An estimated 16,500 fans began standing on long lines on Burns Street as early as 5 a.m., eager to enter the historic stadium archways to see the U.K. folk-rock band, Mumford & Sons, as well as opening bands The Bear’s Den and The Vaccines.
They took center court on a newly constructed stage, reminiscent of the day The Beatles landed in a helicopter and performed 49 years ago, or when other musical greats such as Frank Sinatra, Barbra Streisand, Bob Dylan, and The Doors made summers in Queens memorable.
Mumford & Sons energized fans with multi-platinum hits such as “I Will Wait,” “Little Lion Man,” and “The Cave.”
“This has been a unique day for us,” said Marcus Mumford. “We are really proud that we got to revitalize this venue with you all.”
Mumford & Sons commemorated the stadium by throwing tennis balls into the audience and sometimes switching out a banjo or guitar for a tennis racket.
“We just can't believe you all came,” said keyboardist Ben Lovett. “This is amazing. Are you sure you can invite 17,000 people to a tennis court? It hasn't happened in a long time!”

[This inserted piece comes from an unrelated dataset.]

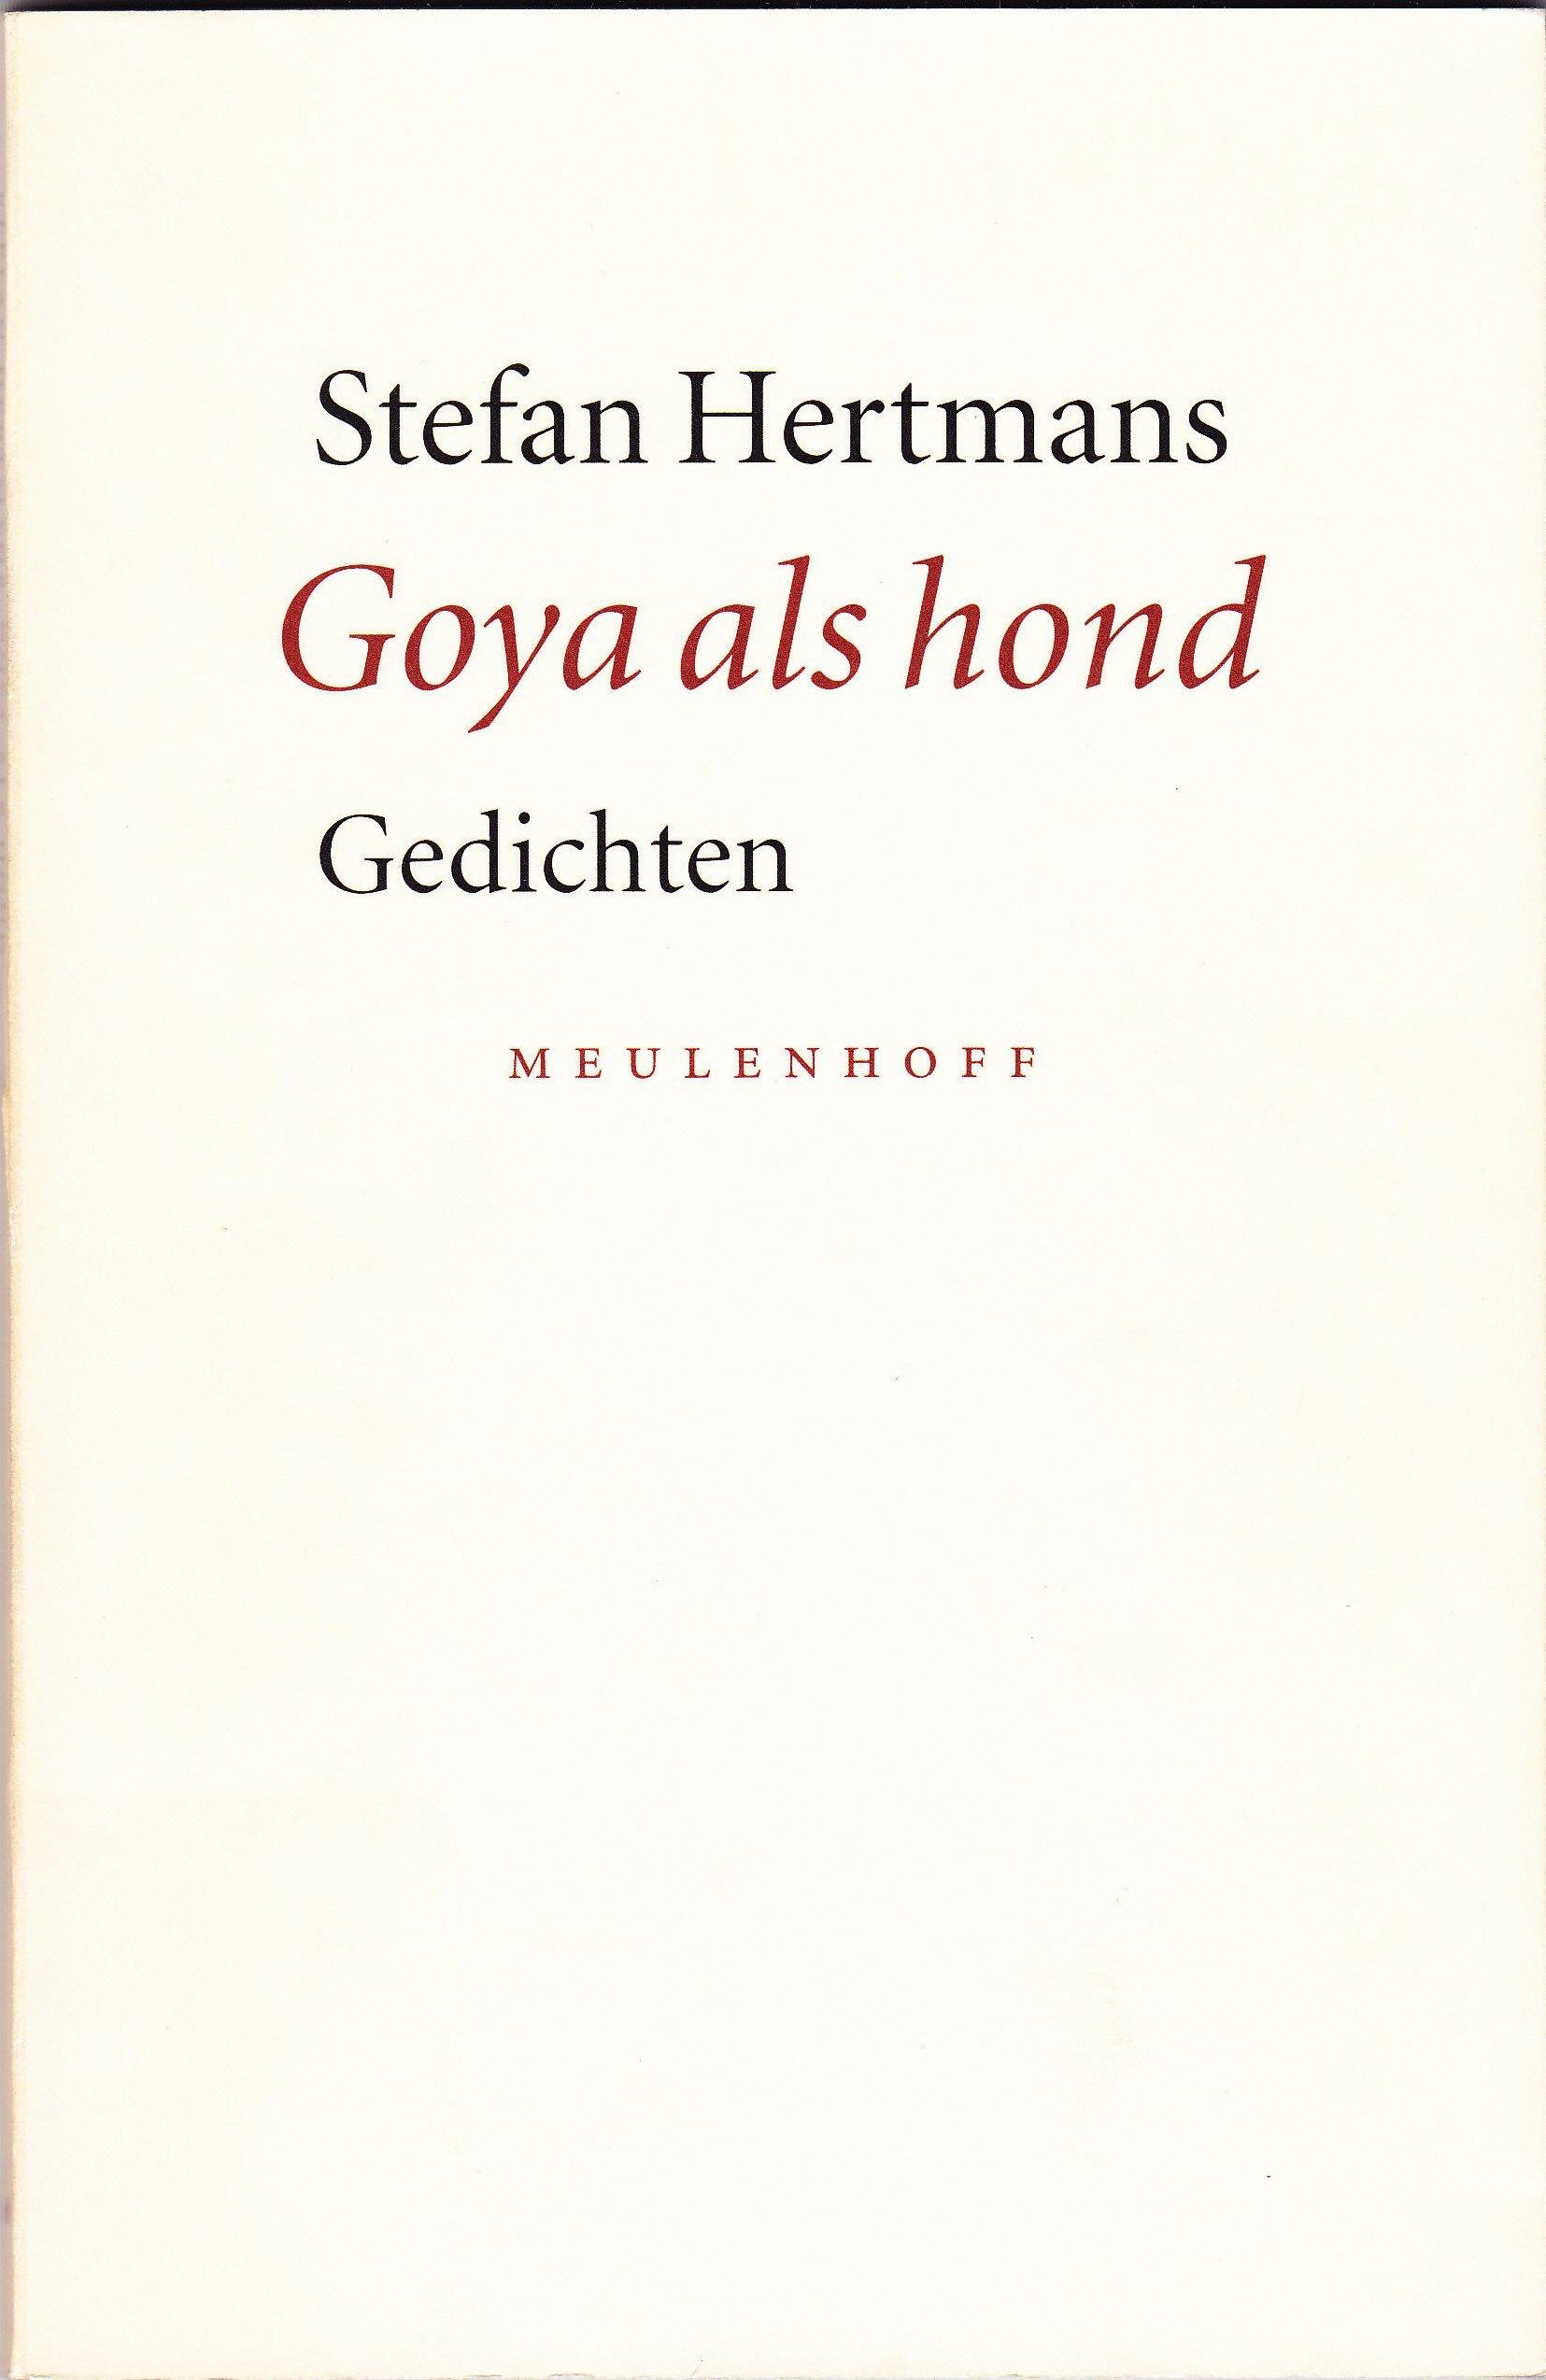 Hertmans Stefan Schrijversgewijs

Cheyenne Kerekes came all the way from Connecticut for the show.
“You could feel the history in the stadium,” she said. “It was even more powerful because the bands have such respect for the greats that came before them. Someday people will be talking about Mumford, Vaccines, and Bear's Den the same way they did for Dylan, Hendrix, and The Beatles.”

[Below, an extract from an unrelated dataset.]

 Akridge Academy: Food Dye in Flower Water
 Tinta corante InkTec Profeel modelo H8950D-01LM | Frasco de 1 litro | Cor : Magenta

“The stadium is the jewel in the crown of Forest Hills, and to tear it down would rip the identity so closely associated with tennis and this historic neighborhood,” said Forest Hills resident Patrick Lannan. “Mumford & Sons fully understood the connection, which they referenced throughout the show. Mumford and Lovett are from Wimbledon, where tennis is also prevalent.”

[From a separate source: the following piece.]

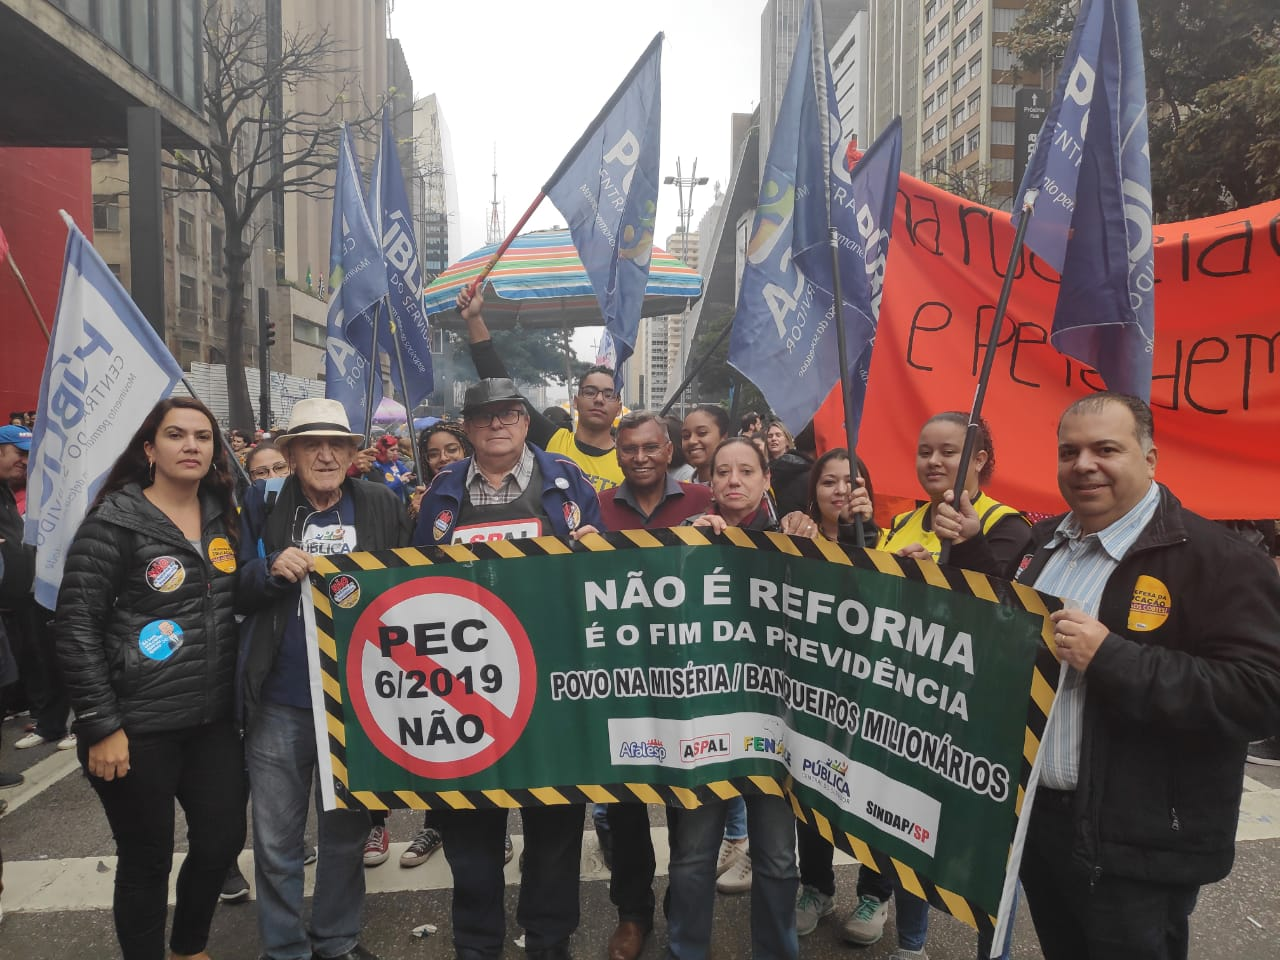 Manifestação na Av. Paulista  contra Reforma da Previdência #Fenale #Aspal #Sindap #Afalesp #Pública #PublicaSP #Fespesp #Conacate #CNSP #Assetj

Dating to 1923, the stadium was the first home of the U.S. Open. It is where tennis players such as Bill Tilden, Don Budge, and Billie Jean King made headlines, and Arthur Ashe and Althea Gibson broke racial barriers when tennis was still a segregated sport.
After the U.S. Open moved to Flushing Meadows in 1978, major music festivals gradually declined at the stadium. Neighbors began to complain about the concerts, which would go on well into the night, and the rowdy patrons who would throw garbage in their yards. The stadium soon fell into disrepair.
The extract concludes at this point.